In this unprecedented time of ordeal, K. will not be publishing an issue this week. Given the events unfolding in Israel and the emotions they stir within us it does not seem possible to continue as usual. K. typically examines the fate of European Jews so that the issue of the diaspora’s relationship with the State of Israel is naturally one of its acute themes. This focus is evidenced by recent contributions published, notably those aimed at deconstructing the improper use of the term “apartheid” in the current criticism of Israeli policy. However, it is not insignificant to note its appearance in the very discourse of Hamas to justify their massacre of Jews.
For now, it’s the news that requires our attention. The Hamas attack on Israel has shaken the Jewish world and one can anticipate that it will have a lasting impact. As for how exactly no one can say at this moment when shock and pain dominate.
One thing at least appears clear, not because it is a “revelation,” but simply because it exposes what should have been common knowledge long ago.
It would take a great deal of bad faith, blindness and/or anti-Jewish conviction to refuse to admit that Hamas is not a governing party nor even a political movement but a criminal organization whose sole purpose is to spread terror and death. Since international opinion is always supplied with such bias this is the image this group has presented since they took power in Gaza in 2007—one of the heroic representatives of the “latest” version of decolonization fighters combining extreme poverty, worn-out knives, and assault rifles. This status is enough to place them on the side of good which sometimes goes astray but always benefits from the sanctification of the oppressed.

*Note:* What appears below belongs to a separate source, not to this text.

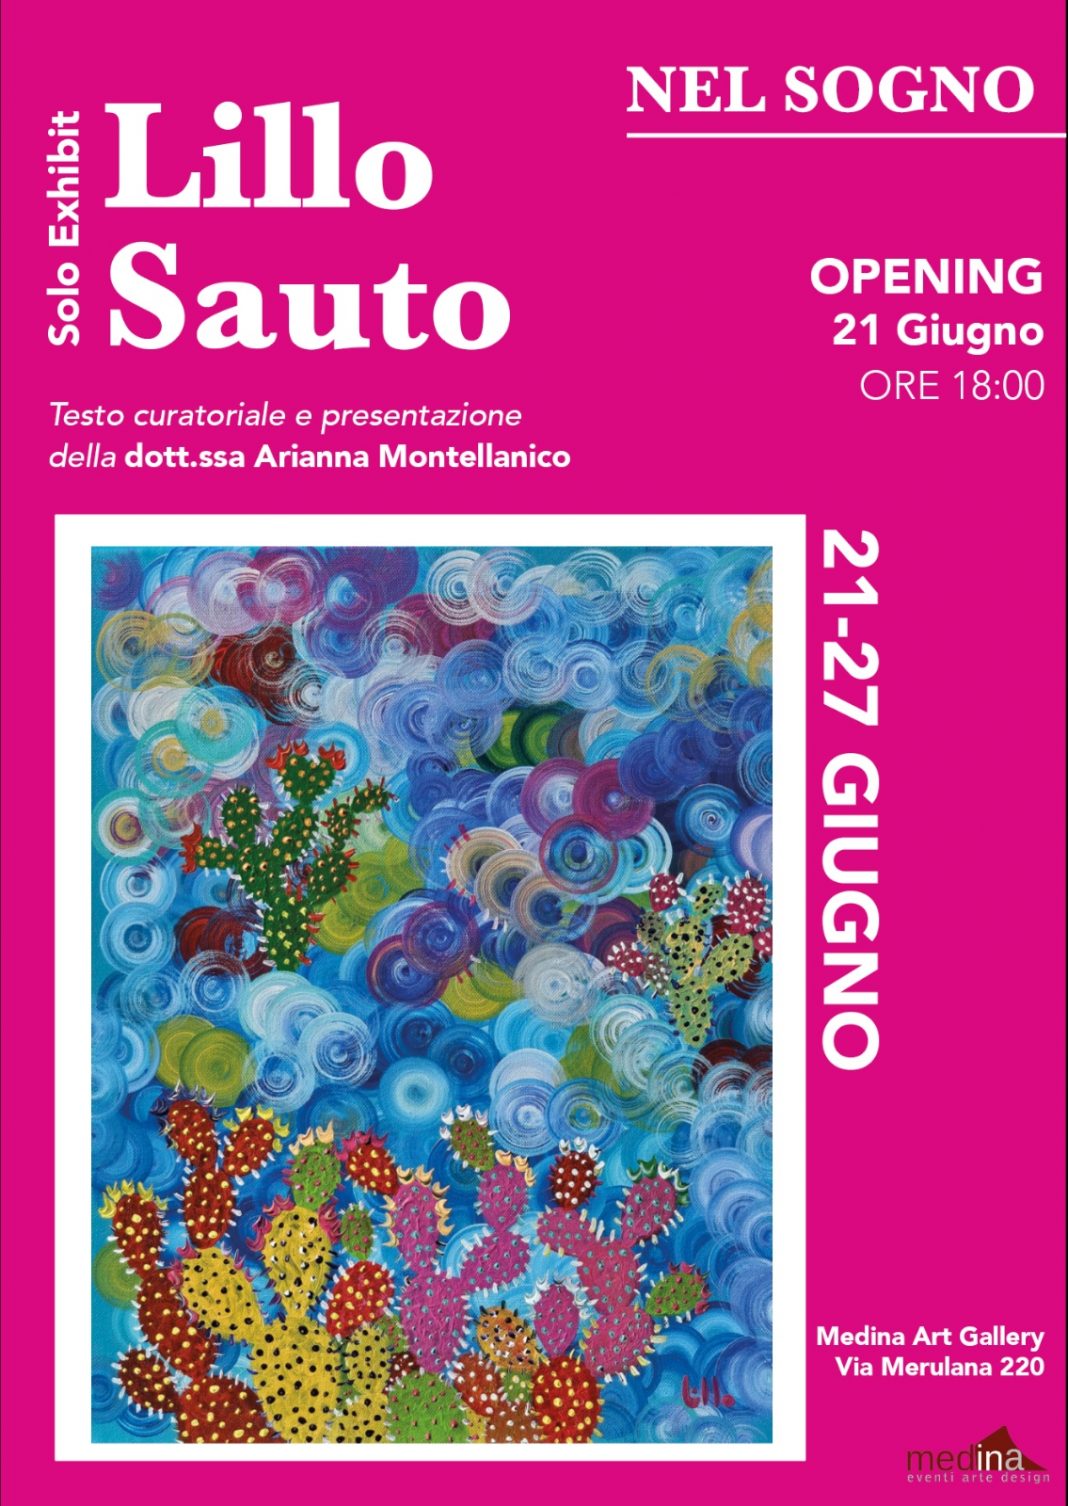 Lillo Sauto – Nel Sognohttps://www.exibart.com/repository/media/formidable/11/img/5fd/Locandina-Solo-Exhibit-di-Lillo-Sauto-1068x1506.jpeg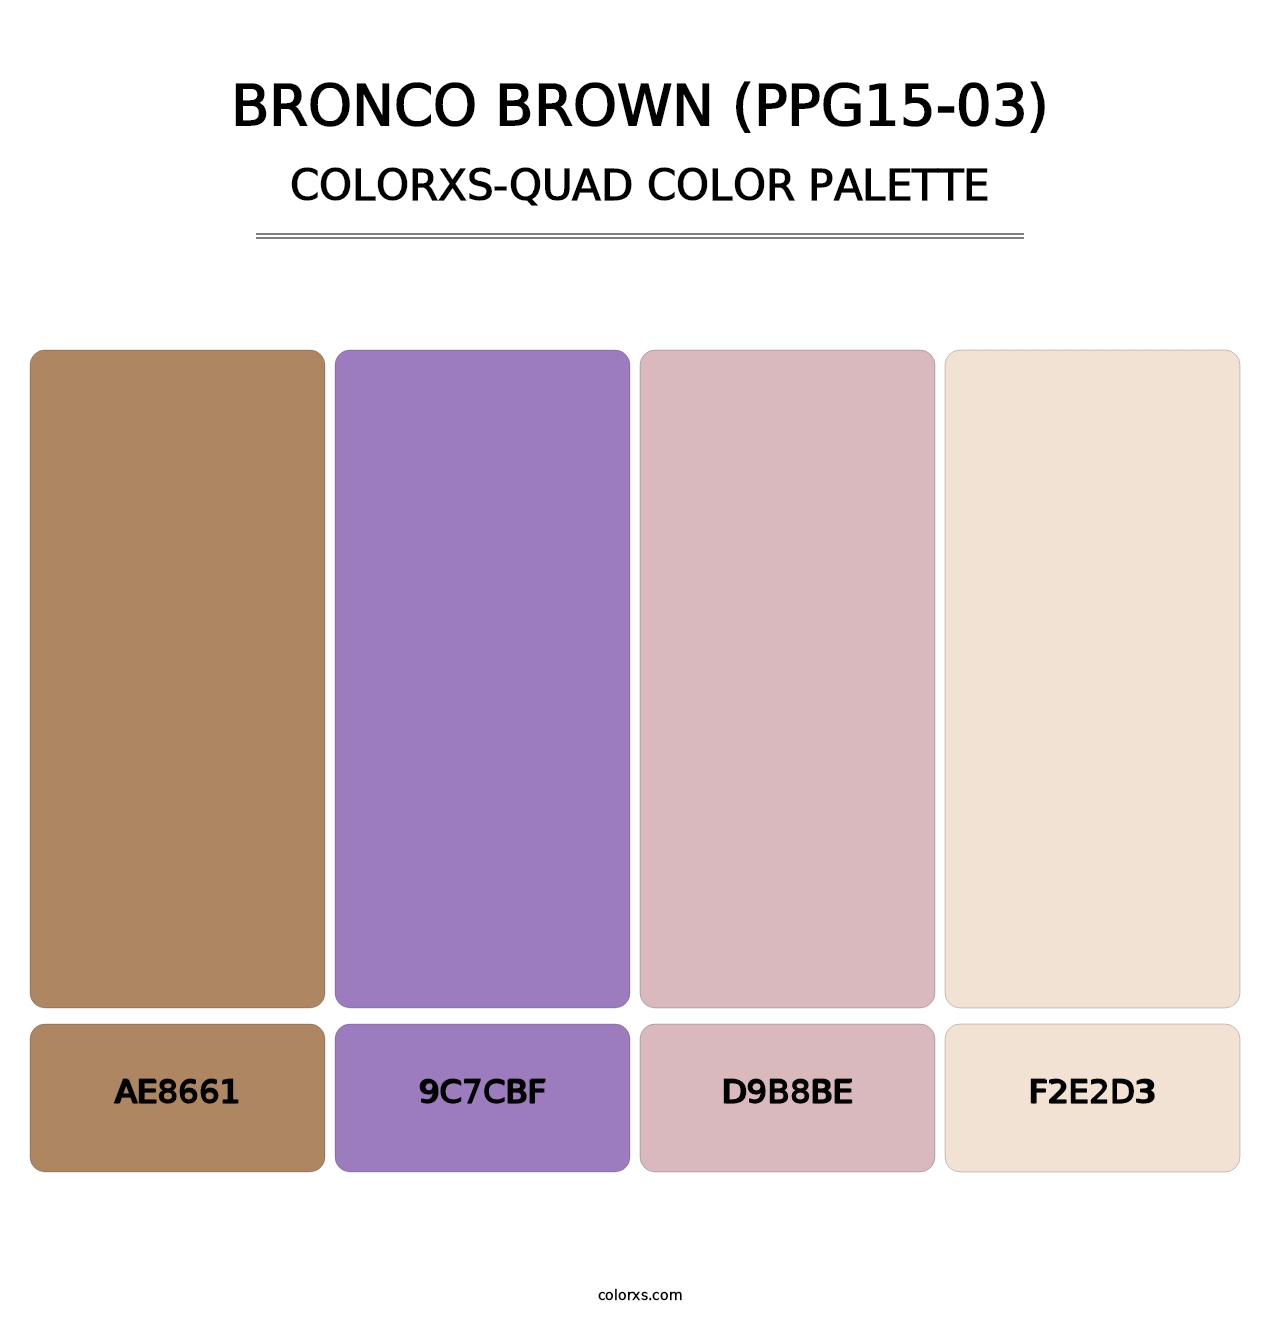 Bronco Brown (PPG15-03) - Colorxs Quad Palette

A pitiful representation of the floundering left that current events expose to the ignominy it deserves. Hamas is nothing but a fundamentalist, fascist, murderous group that makes crimes against civilians its mantra and a point of pride. A group that for long hours had a free hand in southern Israel where, seized by a passion for extermination, they massacred as many Jews as they could.
We can certainly expect that the anti-Zionists of yesterday, today, and tomorrow will not be discouraged or disillusioned by so little. From the very first hours of the attack, there was already talk of that famous “asymmetry” that is used as a matter of course to show who the real victim is, however bloodthirsty and enraged Hamas may be. The fact that they have all the traits of the dominated should be enough to accredit them without having to see what they really want or especially what they are capable of doing when they have the force of arms at their disposal. They indeed used this said force during those endless hours of slaughter targeting civilians, men, children, women, and the elderly alike. And, as we write, that’s the power they still wield. So much so that the inverted narrative of the brave and frail David fighting a Jewish Goliath, however well twisted it may be in people’s minds, is severely undermined by the unbearable images that follow one another—those of civilians executed at point-blank range and whose bodies lie in the streets, those of bloodied young women dragged by their hair and displayed as trophies in Gaza, and others still. But it took more than that to make the extreme left’s fetish antiphon give way—the French NPA [Nouveau Parti Anticapitaliste] eager to “speak well,” seized the opportunity to express its “support for the Palestinians and the means of struggle they have chosen to resist.” Within a few hours the major European television networks changed the focus of their coverage to “Israel’s war on Gaza.”
Is this the slope’s direction in the days or weeks to come? That’s what we fear. It is almost certain that the longer Israel’s response to the Hamas attack continues the more world opinion will forget the atrocities committed or even excuse them by invoking the absurd image of a fighter armed only with chains, or that of the young David defying the giant. Poor David. It is likely that the insult inflicted on the Jewish people by comparing their murderers to their greatest king from whose lineage the Messiah is supposed to be born will trouble no one. Meanwhile, we at the K. editorial office like the entire Jewish world count our sleepless nights filled with anxiety for loved ones or loved ones of loved ones living in Israel and fear for young men and women who will have to go to war again and a deep sense of attachment to this state in which we do not live but which we hold dear above all else.